После ухода Коли моим напарником стал парнишка лет двадцати двух, типичный деревенский увалень, круглолицый, конопатый, косолапый, с глазами медового цвета, с льняными спутанными волосами. Звали его Ваня, и имя ему, как нельзя более, подходило. Работать с ним было худо, он оказался бестолков и упрям, неповоротлив и не к месту говорлив. Что меня особенно удивило — его безграмотность, он несколько раз просил меня на почте за него написать адрес и т. п. «Как же ты сам не можешь, ты ведь в школе учился.». «Да мы с дедом на двоих букварь искурили», — ответил мне он, и хотя эта побаска известная, но с ним, похоже, дело так и обстояло. Был он, впрочем, и забавен иногда, а чаще противен самодовольной благоглупостью.
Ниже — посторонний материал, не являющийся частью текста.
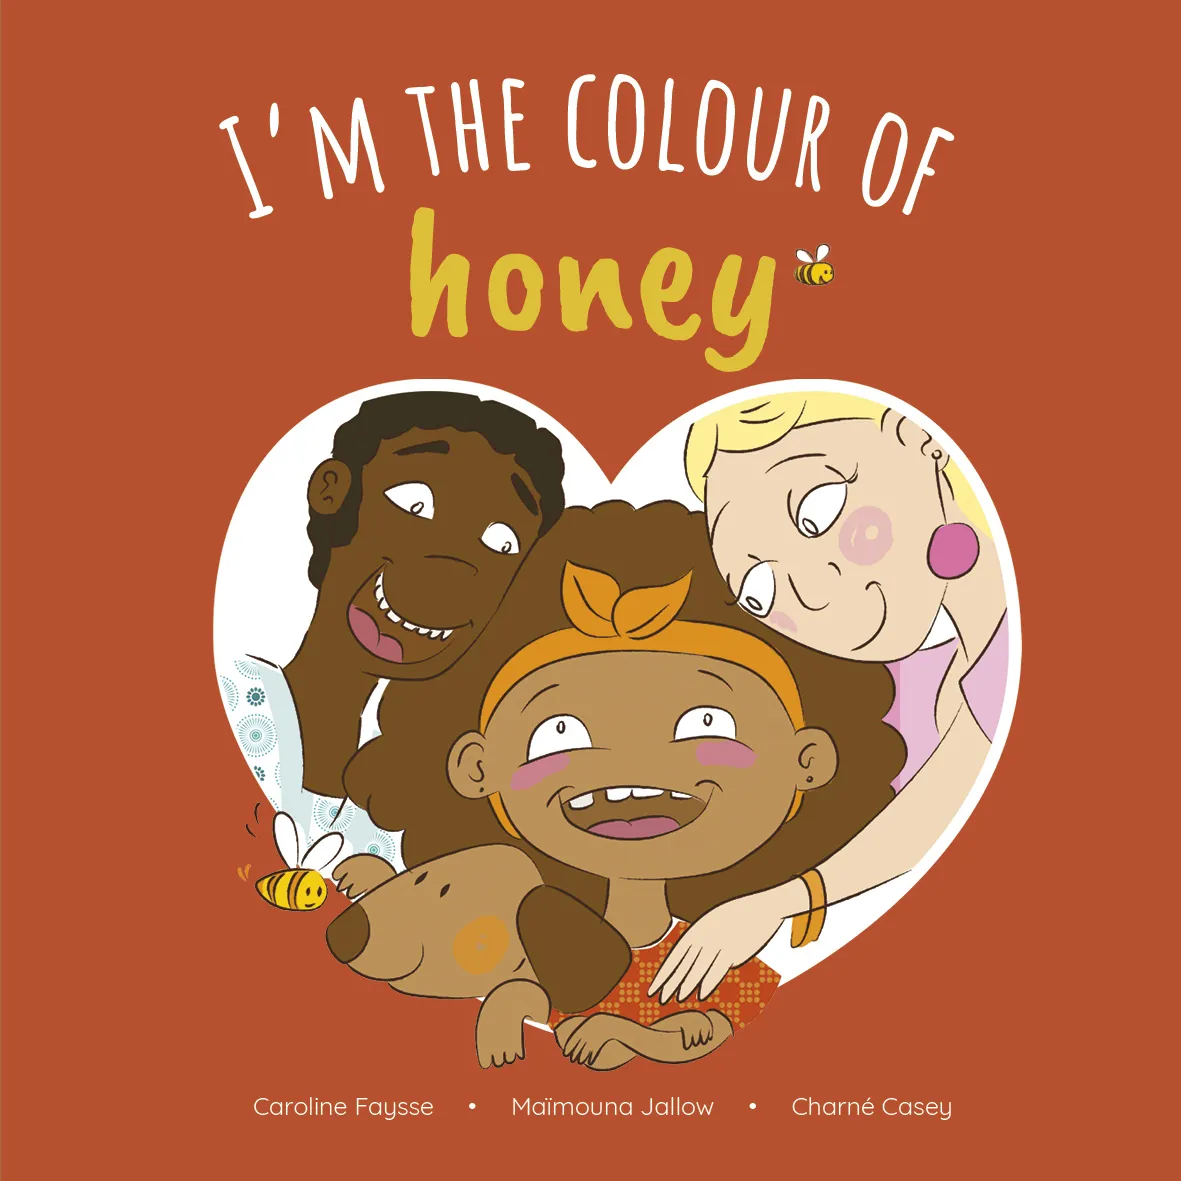 I'm the Colour of Honey

Вообще по селу его считали маленько придурковатым и относились с насмешечкой, а порою и издевкой. Вопросы его ко мне всегда были неожиданны. «Ты что же, как родился в Ленинграде, так и стал в нем жить?» — помню, спросил он меня. И удивился утвердительному ответу. «Там ведь шумно, народу больно много.» — «Да, нет, привык уж», — говорил я, сам в этот момент удивляясь, как можно жить в большом шумном, людном городе. Ваня недавно женился, жена его, бабенка постарше его, некрасивая и насупленная, несколько раз попадалась мне в Курагине. Появился у него и ребенок очень скоро после свадьбы, которая, по словам Вани, проходила в долгом и тяжелом пьянстве, так что жену он нашел с трудом где-то в чулане только на вторые сутки. Но он-то об этом рассказывал с гордостью, сколько, мол, выпил и как был пьян, и как шатало его от забора к забору, а гости вповалку валялись по избе и на дворе. Любил рассказывать, как лазит, по его слову, на жену — не без этого, — говаривал он, ощеривая широкий рот, морща утиный веснущатый нос и хитро щуря глаза. — «Как же, слазишь раз — другой, не без этого.» Эти подробности он сообщал вообще, безотносительно к предмету разговора. Дразнили его, что ребенок не от него совсем, и даже в глаза говорила, помню, продавщица ему—навещает ли, мол, сынка отец? Ваня на эти задирки свой широкий рот ощеривал уже зло, глазами крысился и глухо бормотал: «Не вам забота» и что-то еще буркливое под нос. Было в нем уже и стариковского много — байки деревенские повторял он с той же интонацией, что бабки кура-гинские, и головой кивал и покряхтывал убедительно и даже в присказке о жене слышалась какая-то замшелость — вот и я, мол, держусь еще — будто давно пора уже на покой.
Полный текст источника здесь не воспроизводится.